In a letter published in The Press of Atlantic City, Council Vice President Kaleem Shabazz acknowledged the “severity of the opioid and drug crisis” in Atlantic City and the country, but argued it was not fair for his municipality to be one of only seven across the state to have exchange programs.
“The solution is not to leave Atlantic City alone to deal with this very serious health, social and quality of life problem,” he wrote.
Harney rejected the claim that a large number of out of-town drug users are coming into the city for the needle exchange program. Though the way the law is structured prevents the AIDS Alliance from collecting people’s address, Harney said a small sampling of around 100 people showed 90% of those who availed themselves to Oasis’ services lived within two miles of the center.
Needle exchange programs not only help reduce transmission of blood-borne diseases, but they are also proven to help reduce addiction and increase public safety by reducing the number of discarded needles in communities, according to the Centers for Disease Control and Prevention.
Harney said the percentage of people who return used needles at Oasis is in the 90s.
New needle exchange program users are also five times more likely to enter drug treatment and three times more likely to stop using drugs than those who don’t use the programs, the CDC found.
Harney said the real reason council members want to end the program in Atlantic City is redevelopment.
“One of the things that the city consistently says is that folks are coming to Atlantic City for social services and in reality, that's not what we see. People are coming here for economic development,” she said.
In fact, the South Jersey AIDS Alliance would not mind moving from the Oasis center as long as a new location would still be easily accessible to people who walk, as is currently the case, she said.
However, she added, the AIDS Alliance has been rebuffed when proposing different sites, with Council members seemingly intent on moving the group to a non-permanent location in favor of redevelopment projects and at the expense of organizations that offer social services.
"I expect that there will be other social services after us that will be targeted for removal from Atlantic City because the current government doesn't believe that there should be social services in Atlantic City," she said.
Repealing the needle exchange program will also hurt the AIDS Alliance’s other services, which include free drug treatment; medical, housing and food assistance; and free distribution of the overdose-reversing drug naloxone, she added.
“We know at least 50 people in the last year that our services had prevented overdoses for, and we think that is probably the most emergent and serious implication that will happen with us closing the doors,” Harney said.

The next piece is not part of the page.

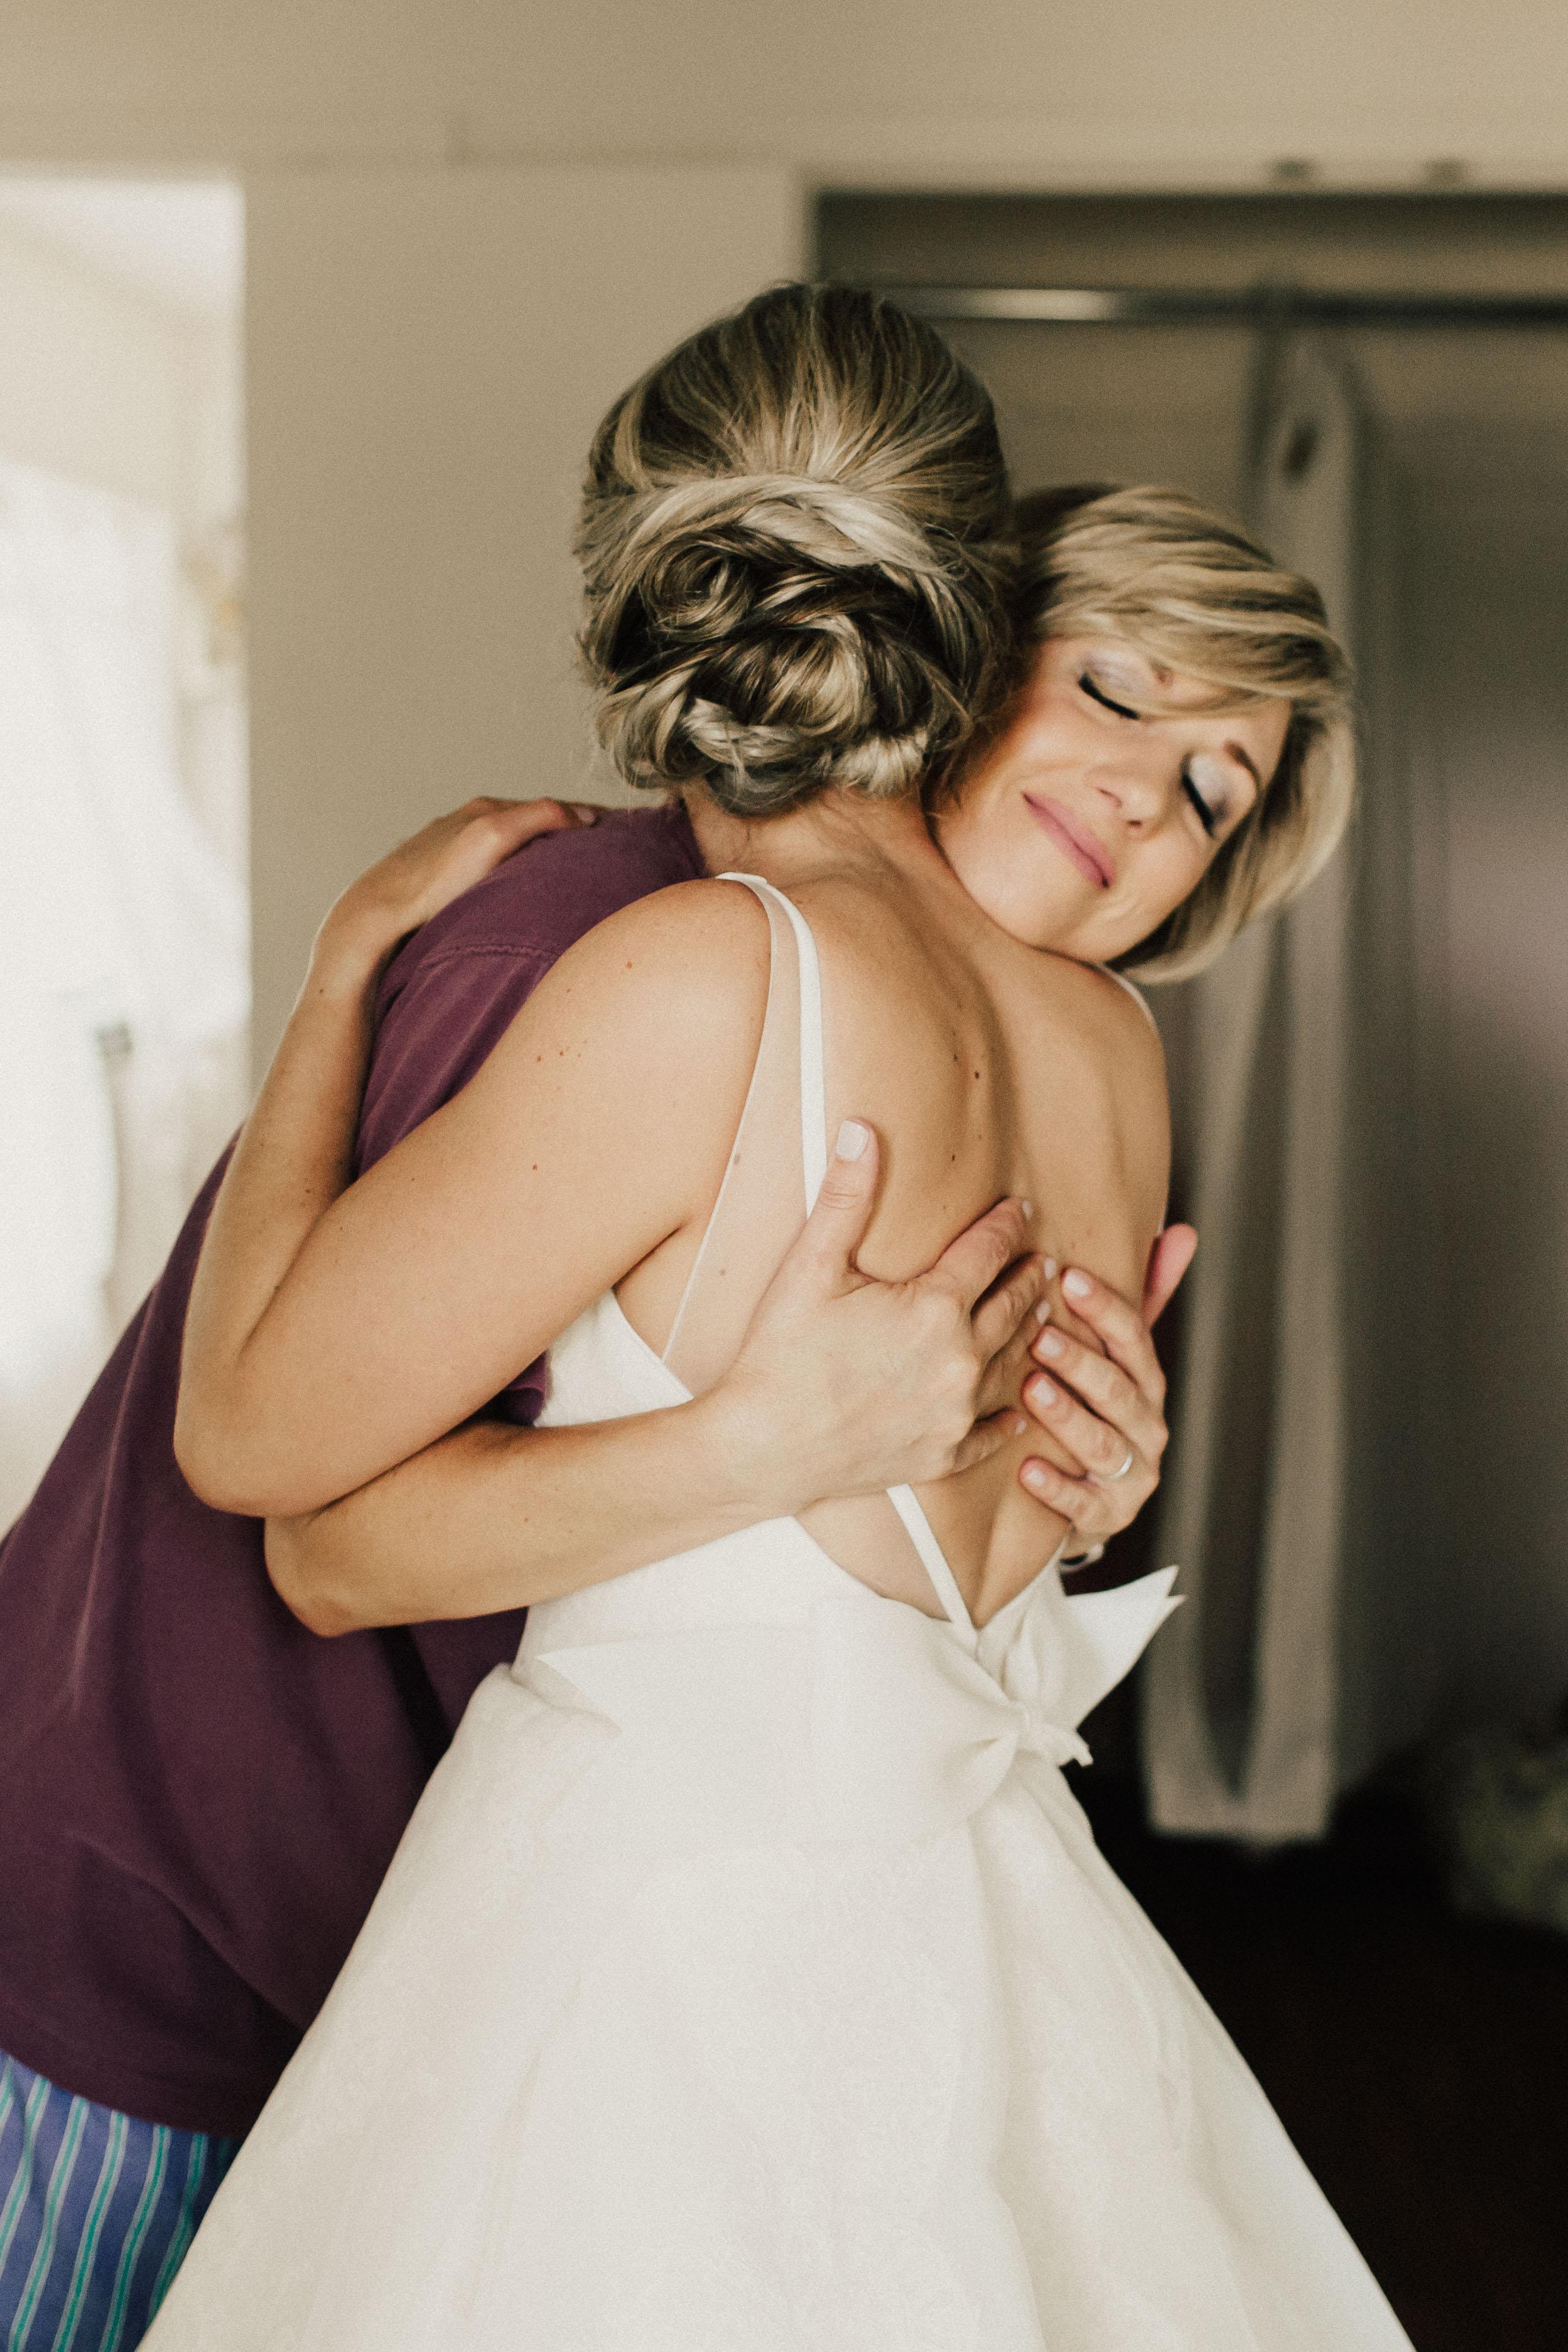 lauren-harrison-wedding-photographer-pecan-springs-ranch-austin-texas--197.jpg

Asked if she fears ending the program would lead to people dying on the street, Harney was blunt in her response.
“Absolutely,” she said.
Despite disagreeing with the city council's decision, Gov. Murphy also said he shared their vision for a "healthy and vibrant Atlantic City."
“Now, more than ever, because of the increase in opioid-related deaths, is the time to push forward and continue in our broader efforts to expand harm reduction centers across the state," Murphy wrote. "Individuals struggling with addiction deserve access to the critical, compassionate services they need to stay alive, recover, and thrive.”
Tibbit said the city is willing to work with the state to "create a better way."